- [What to work on] The output should contain the listing word for word and no pictures.

- [Stored data]

+-------+

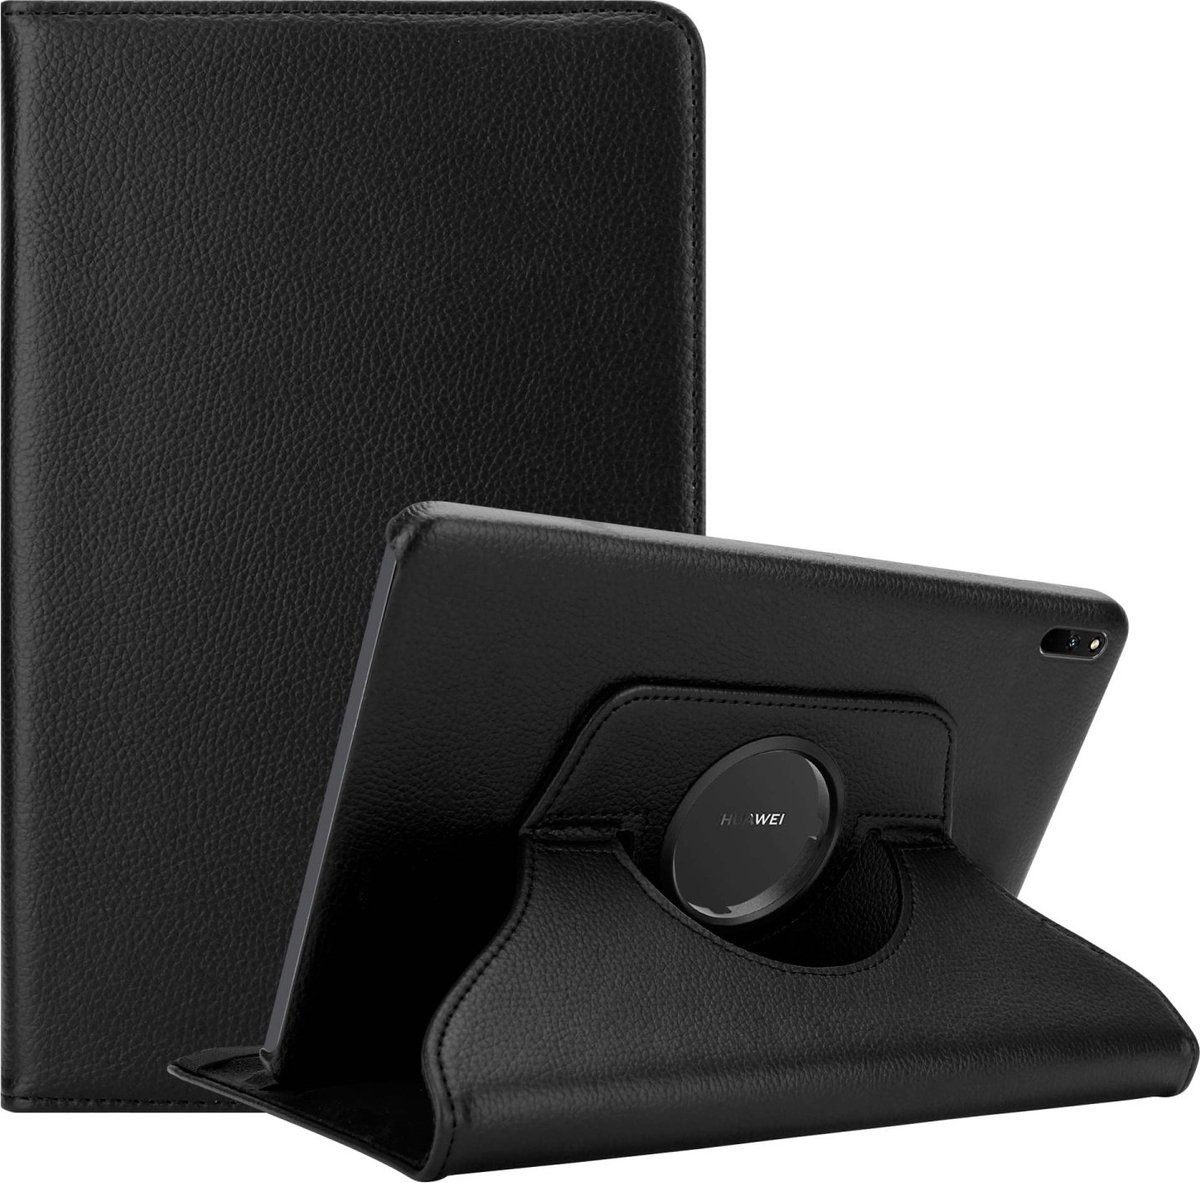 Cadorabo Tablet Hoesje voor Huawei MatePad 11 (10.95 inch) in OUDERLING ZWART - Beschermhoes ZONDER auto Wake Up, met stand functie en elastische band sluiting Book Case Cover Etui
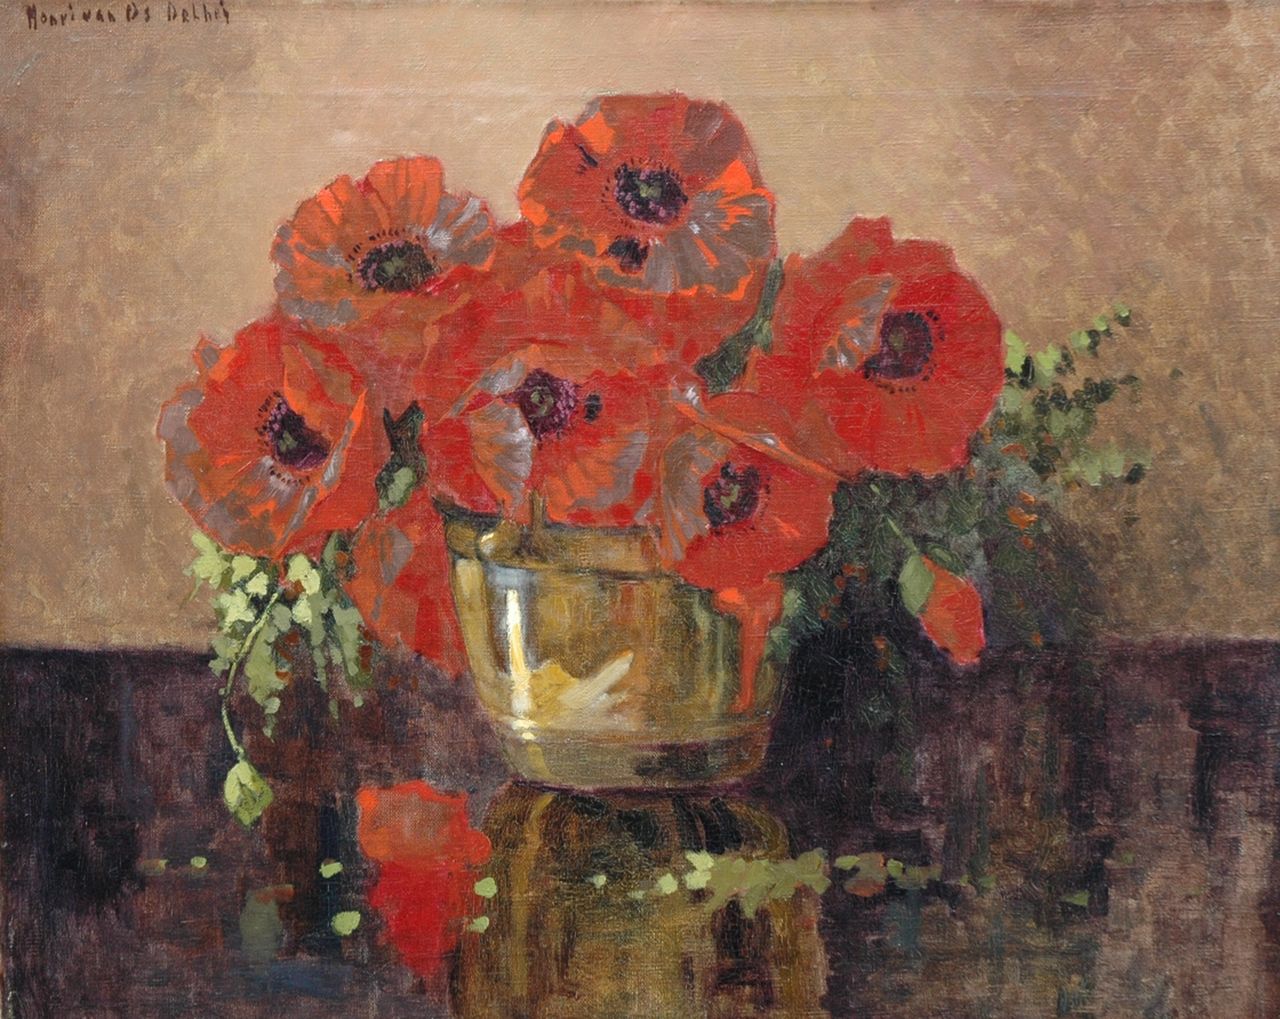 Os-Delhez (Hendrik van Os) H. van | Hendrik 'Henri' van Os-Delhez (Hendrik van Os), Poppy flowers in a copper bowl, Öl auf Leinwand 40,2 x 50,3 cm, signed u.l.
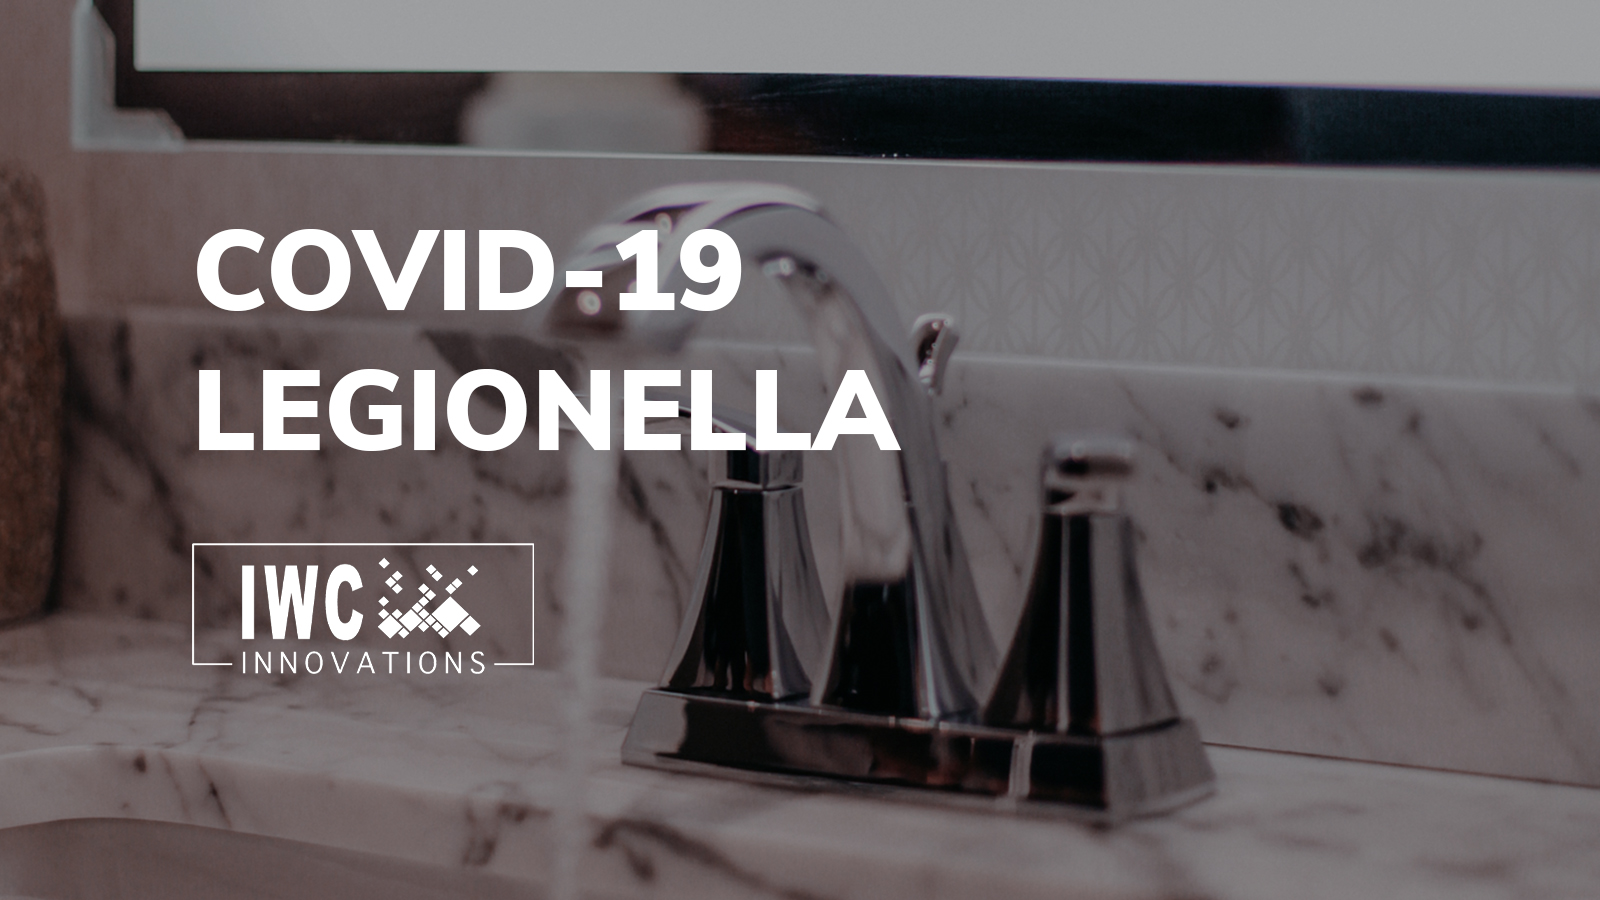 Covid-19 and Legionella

+-------+

- [Solution]
 Cadorabo Tablet Hoesje voor Huawei MatePad 11 (10.95 inch) in OUDERLING ZWART - Beschermhoes ZONDER auto Wake Up, met stand functie en elastische band sluiting Book Case Cover Etui
 Os-Delhez (Hendrik van Os) H. van | Hendrik 'Henri' van Os-Delhez (Hendrik van Os), Poppy flowers in a copper bowl, Öl auf Leinwand 40,2 x 50,3 cm, signed u.l.
 Covid-19 and Legionella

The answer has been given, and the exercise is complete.